▶ Data
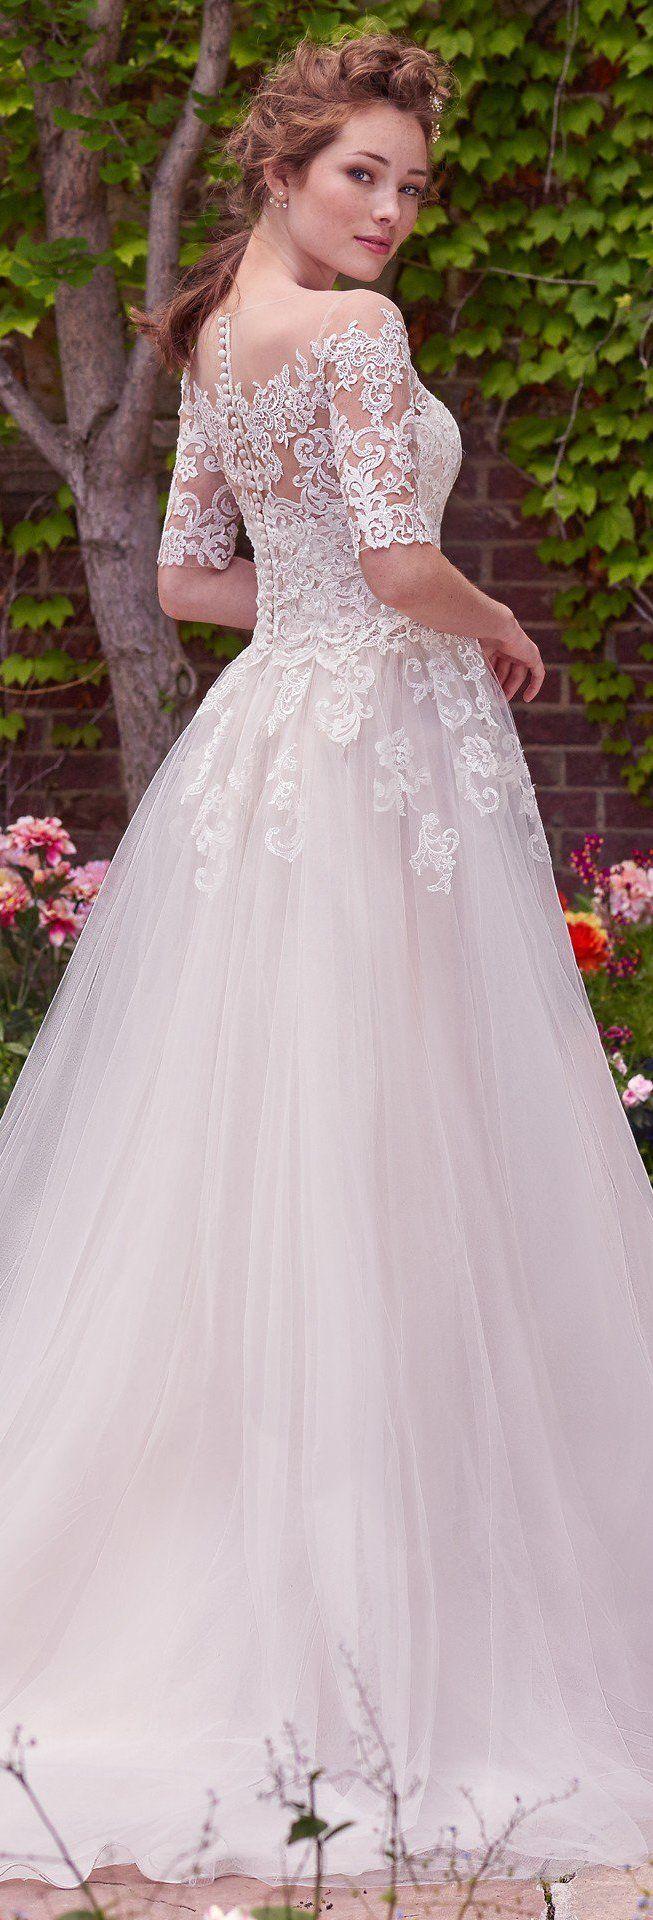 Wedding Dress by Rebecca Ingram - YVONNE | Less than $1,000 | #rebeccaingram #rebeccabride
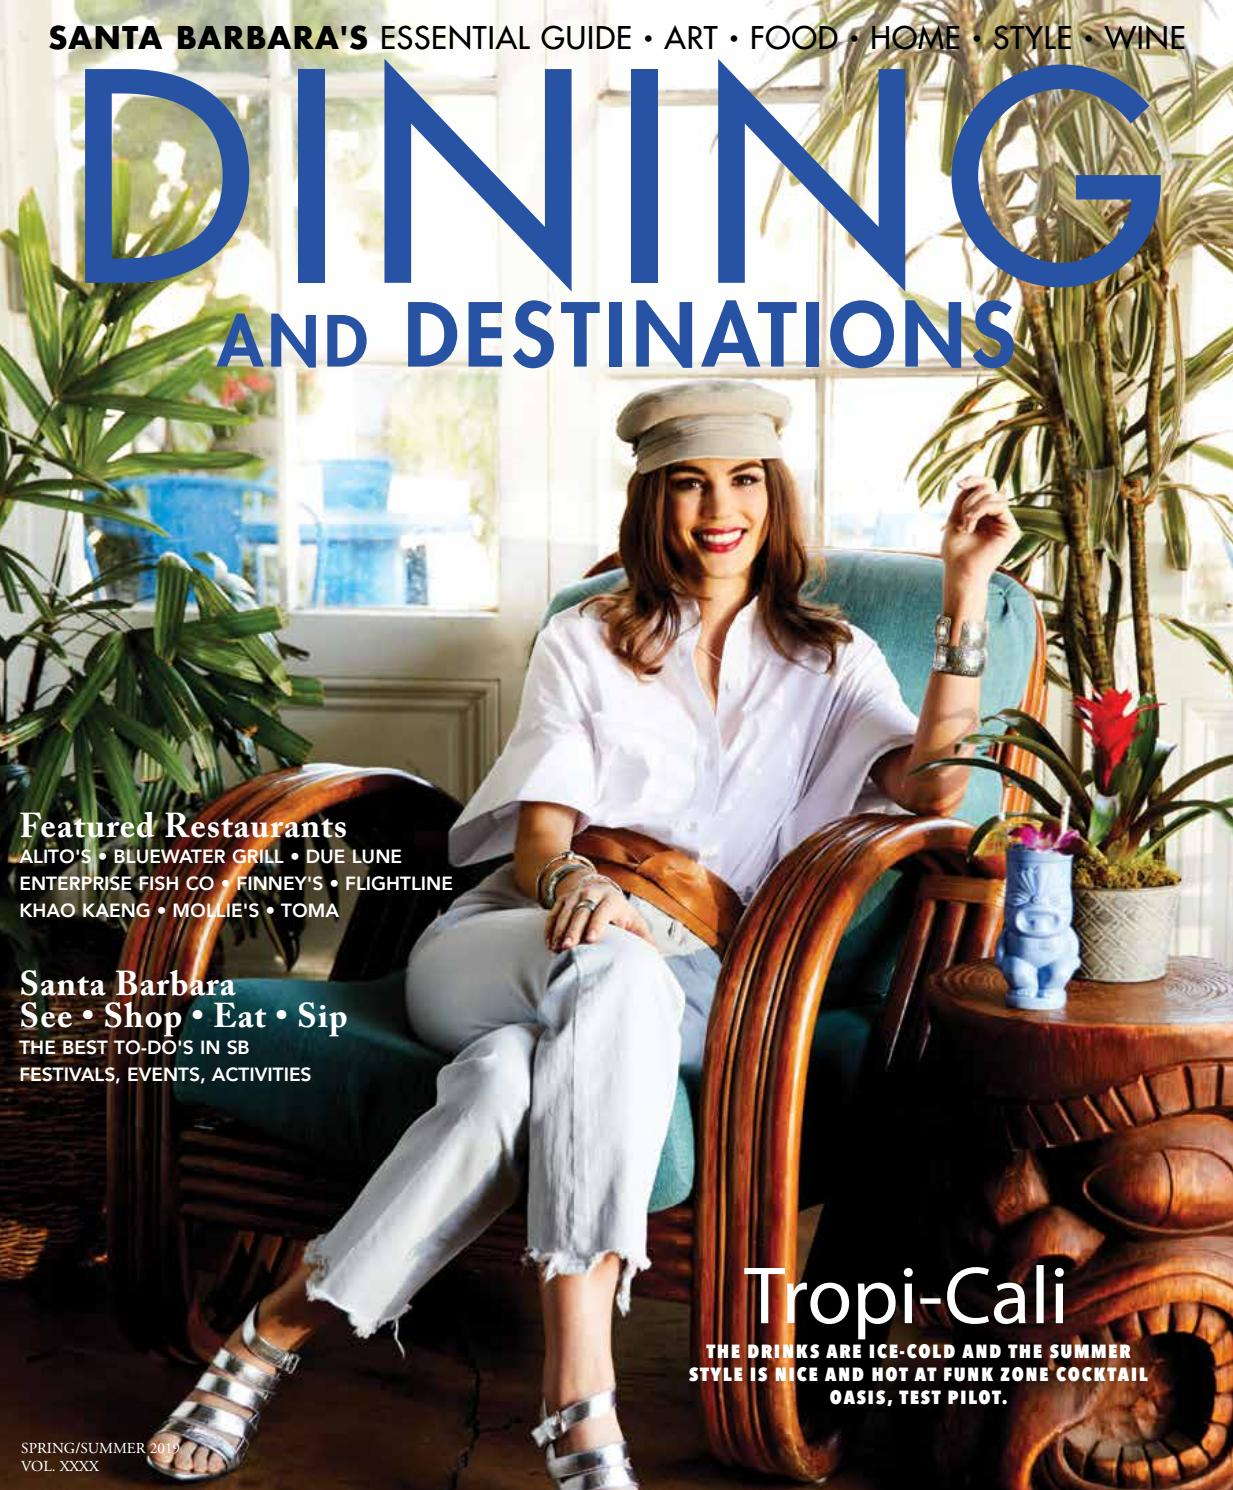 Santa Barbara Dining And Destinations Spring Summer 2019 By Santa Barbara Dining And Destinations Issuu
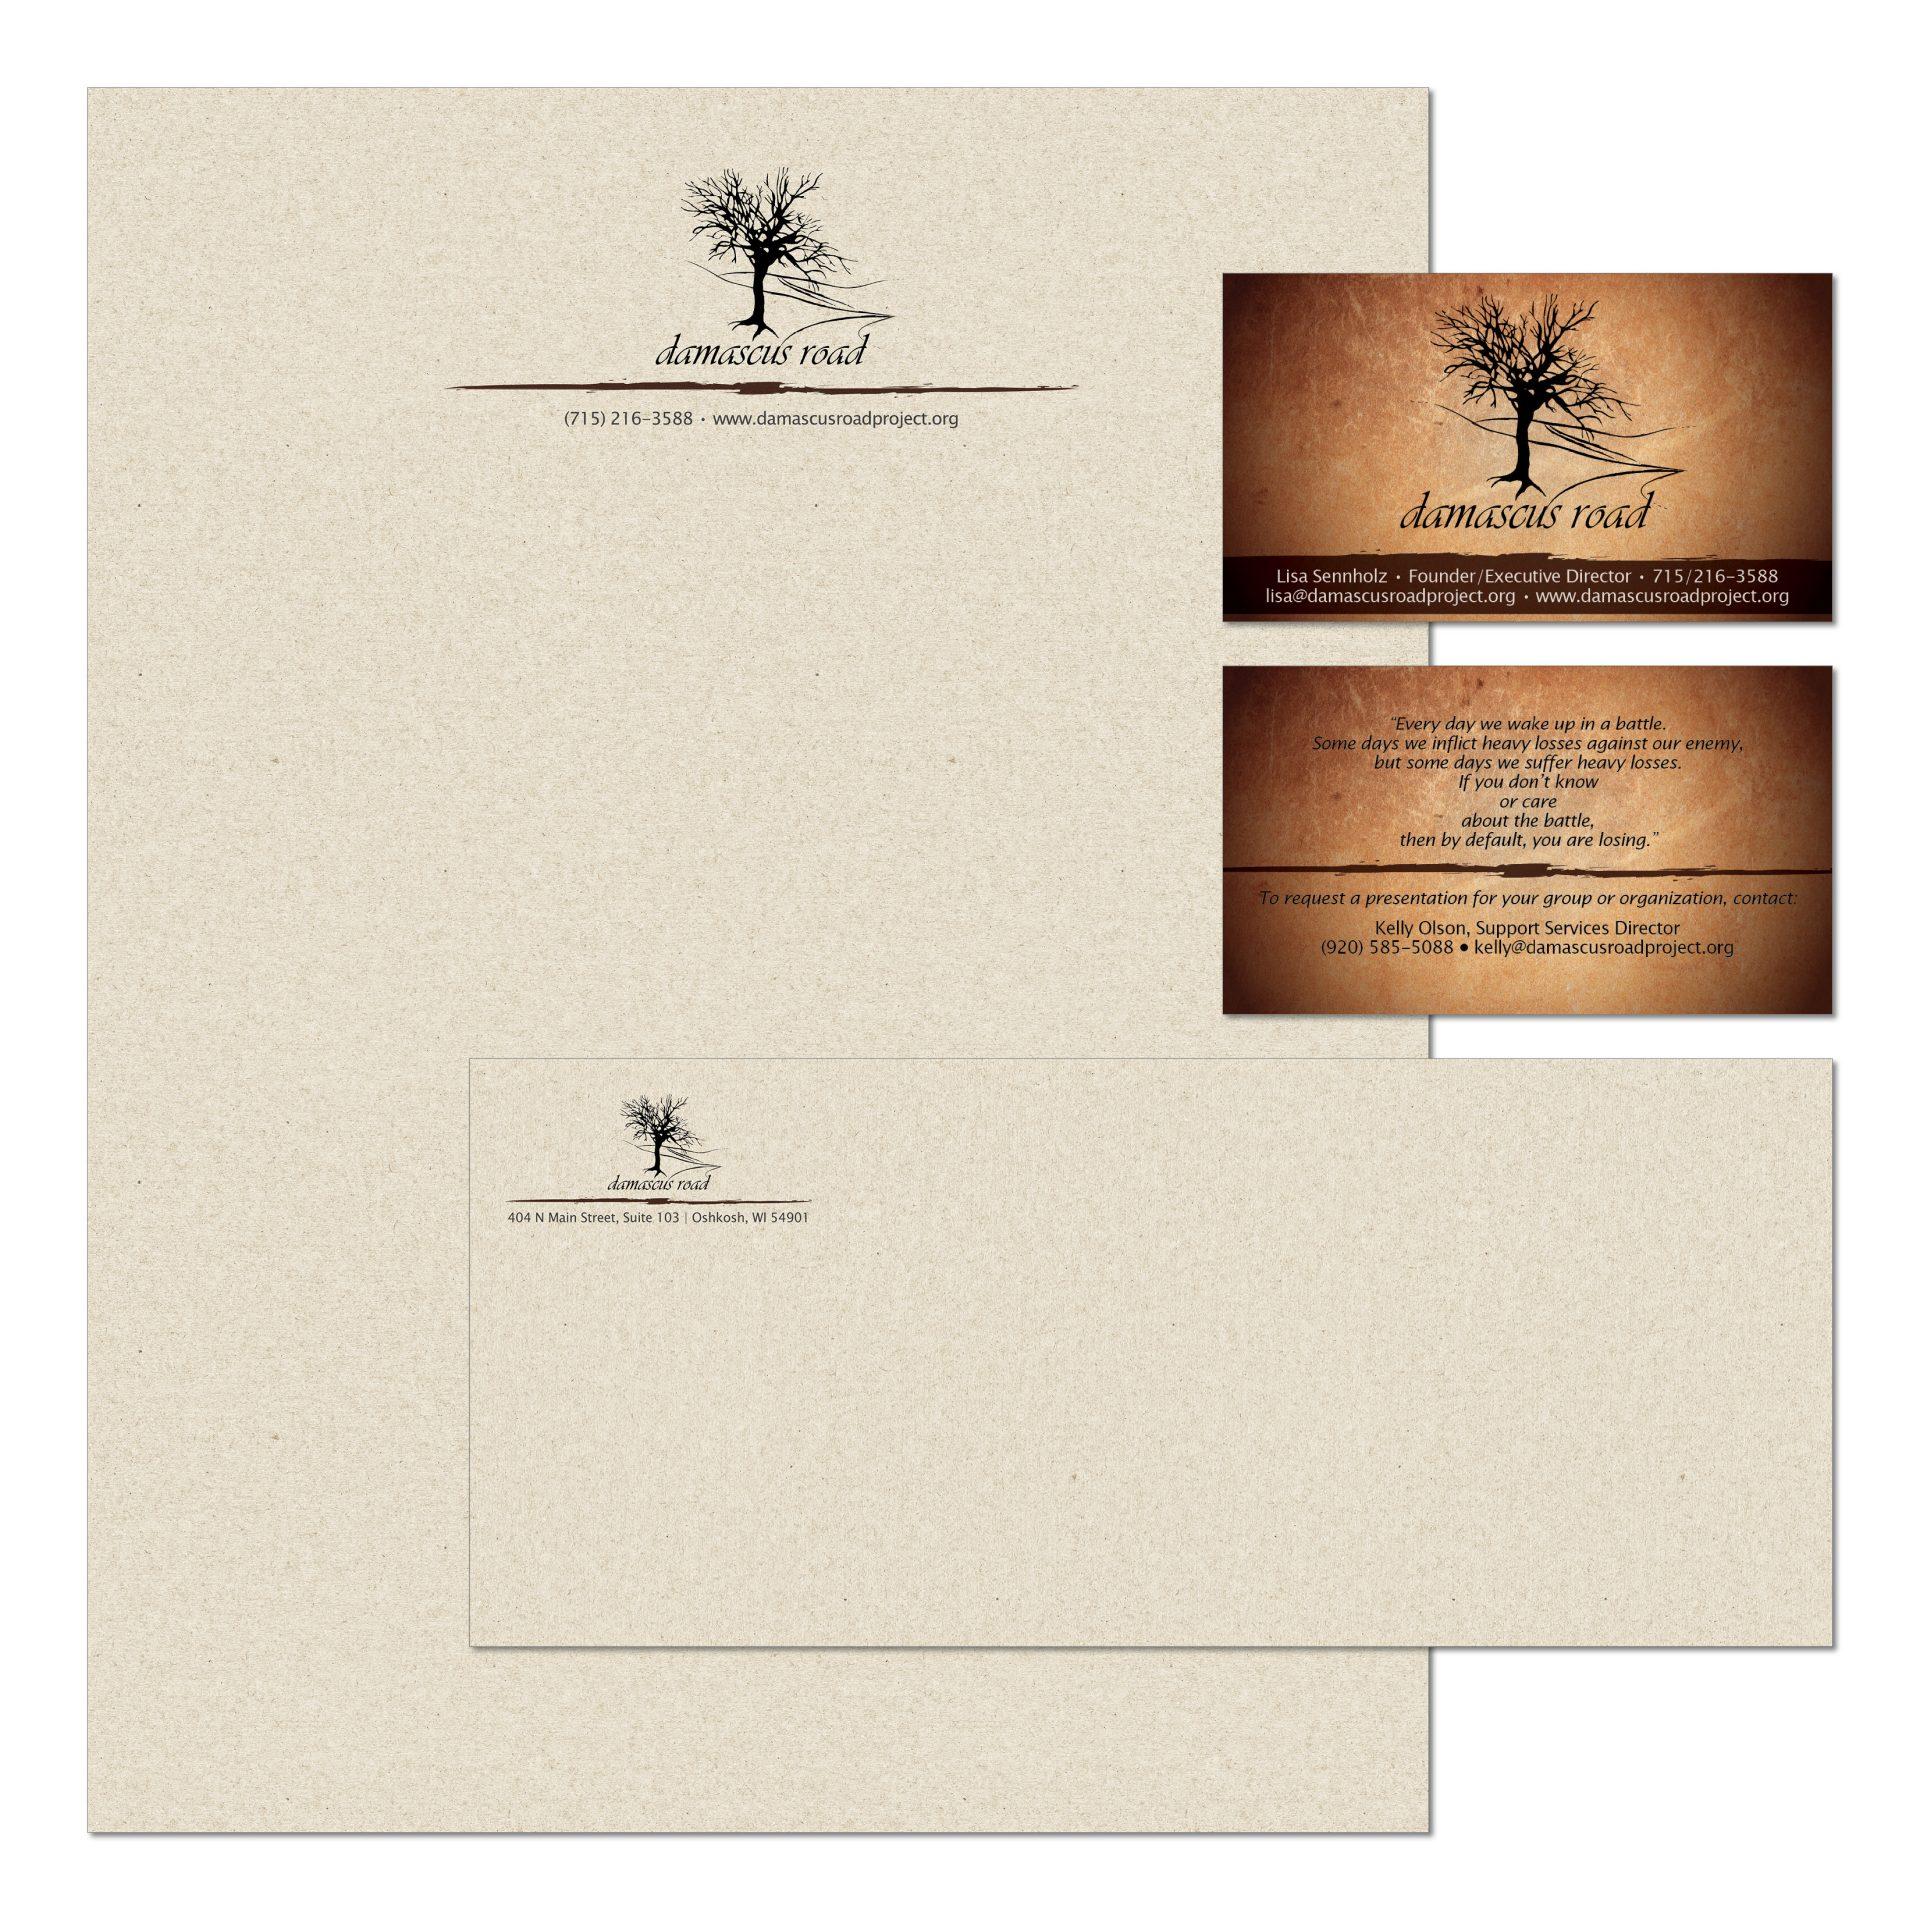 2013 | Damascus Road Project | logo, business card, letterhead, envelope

▶ What you will do
Could the data above be copied out exactly, with no pictures kept?

▶ Task output
 Wedding Dress by Rebecca Ingram - YVONNE | Less than $1,000 | #rebeccaingram #rebeccabride
 Santa Barbara Dining And Destinations Spring Summer 2019 By Santa Barbara Dining And Destinations Issuu
 2013 | Damascus Road Project | logo, business card, letterhead, envelope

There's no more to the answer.